▼

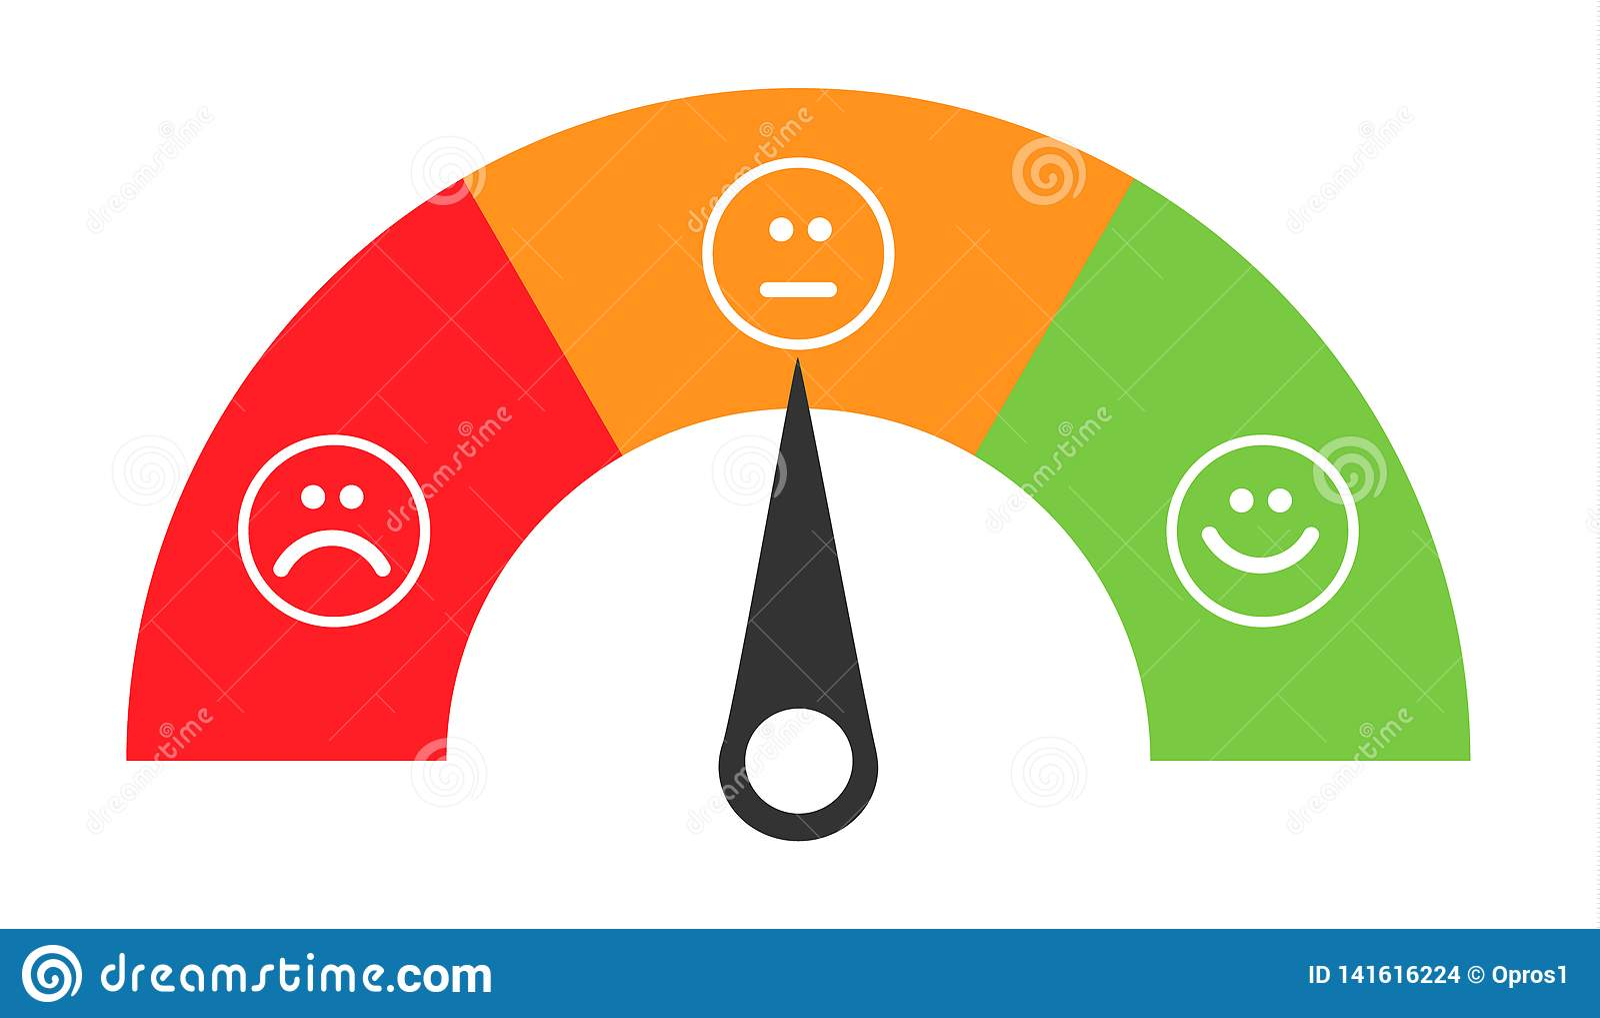 Kundenikonengefühl-Zufriedenheits-Meter mit unterschiedlichem Symbol auf Hintergrund
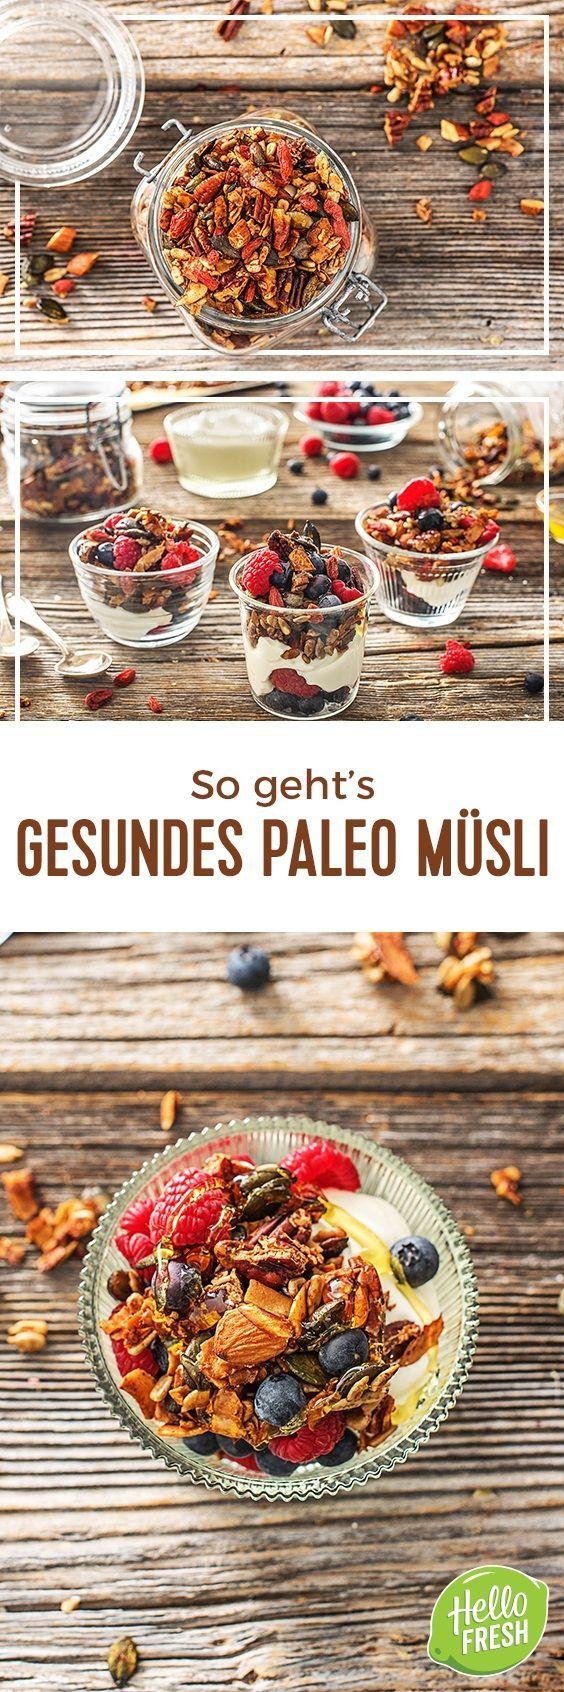 Step by Step Rezept: So einfach geht's: Paleo-Müsli selber machen  Kochen / Essen / Ernährung / Lecker / Kochbox / Zutaten / Gesund / Schnell / Frühling / Einfach / DIY / Küche / Gericht / Blog / Leicht  / Müsli / Paleo / Granola / Joghurt / Frühstück / Brunch / Superfood   #hellofreshde #kochen #essen #zubereiten #zutaten #diy #rezept #kochbox #ernährung #lecker #gesund #leicht #schnell #frühling #einfach #küche #gericht #trend #blog #paleo #müsli #granola #joghurt #frühstück #brunch…
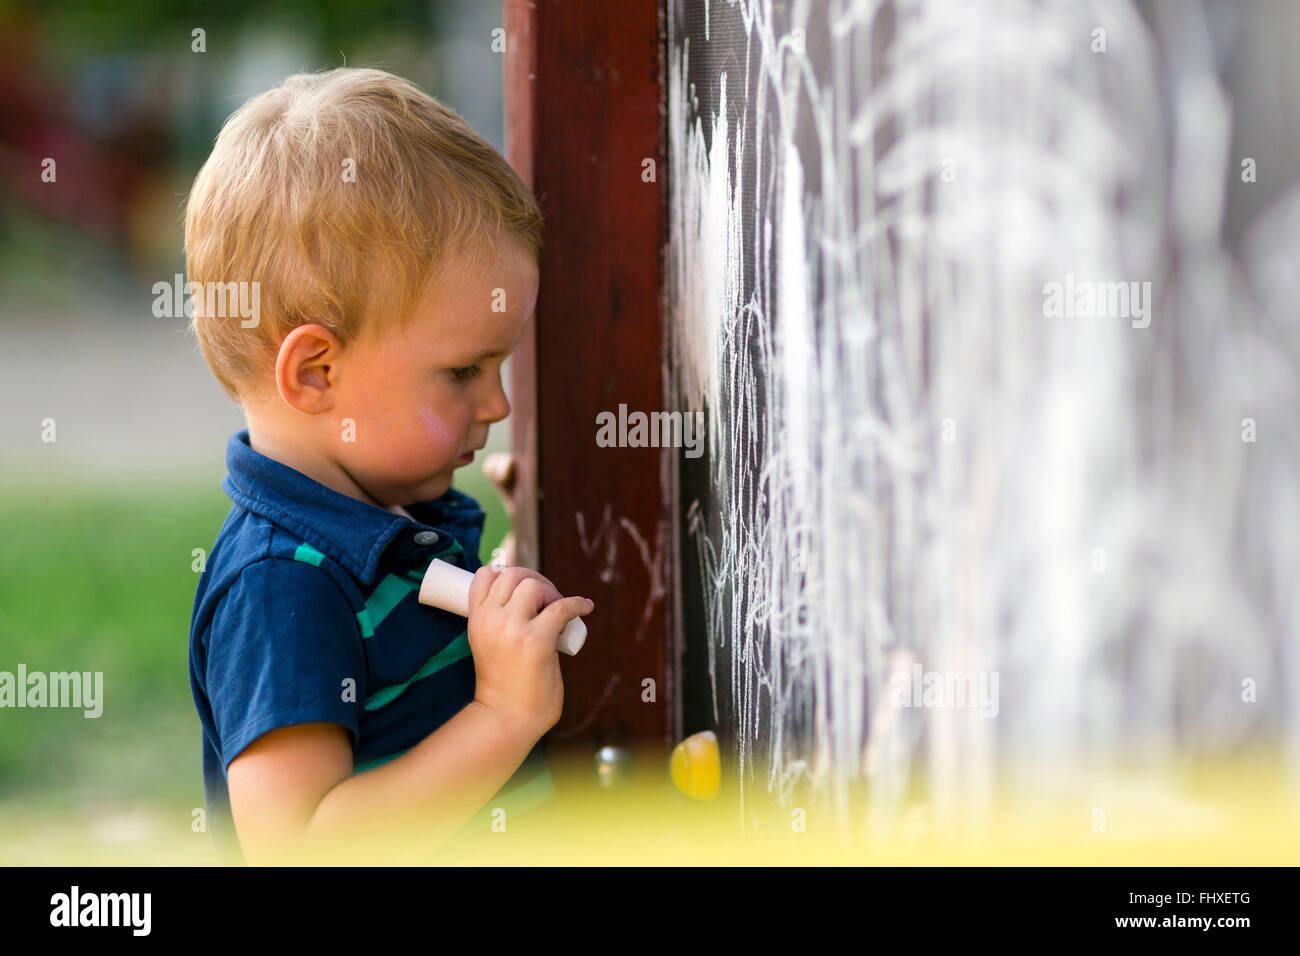 Creative toddler carino il disegno con chalk all'aperto su un tavolo da disegno Immagini Stock

▲

WHAT TO DO: Reproduce the listing word for word. Do not carry over the pictures.

RESPONSE:
 Kundenikonengefühl-Zufriedenheits-Meter mit unterschiedlichem Symbol auf Hintergrund
 Step by Step Rezept: So einfach geht's: Paleo-Müsli selber machen  Kochen / Essen / Ernährung / Lecker / Kochbox / Zutaten / Gesund / Schnell / Frühling / Einfach / DIY / Küche / Gericht / Blog / Leicht  / Müsli / Paleo / Granola / Joghurt / Frühstück / Brunch / Superfood   #hellofreshde #kochen #essen #zubereiten #zutaten #diy #rezept #kochbox #ernährung #lecker #gesund #leicht #schnell #frühling #einfach #küche #gericht #trend #blog #paleo #müsli #granola #joghurt #frühstück #brunch…
 Creative toddler carino il disegno con chalk all'aperto su un tavolo da disegno Immagini Stock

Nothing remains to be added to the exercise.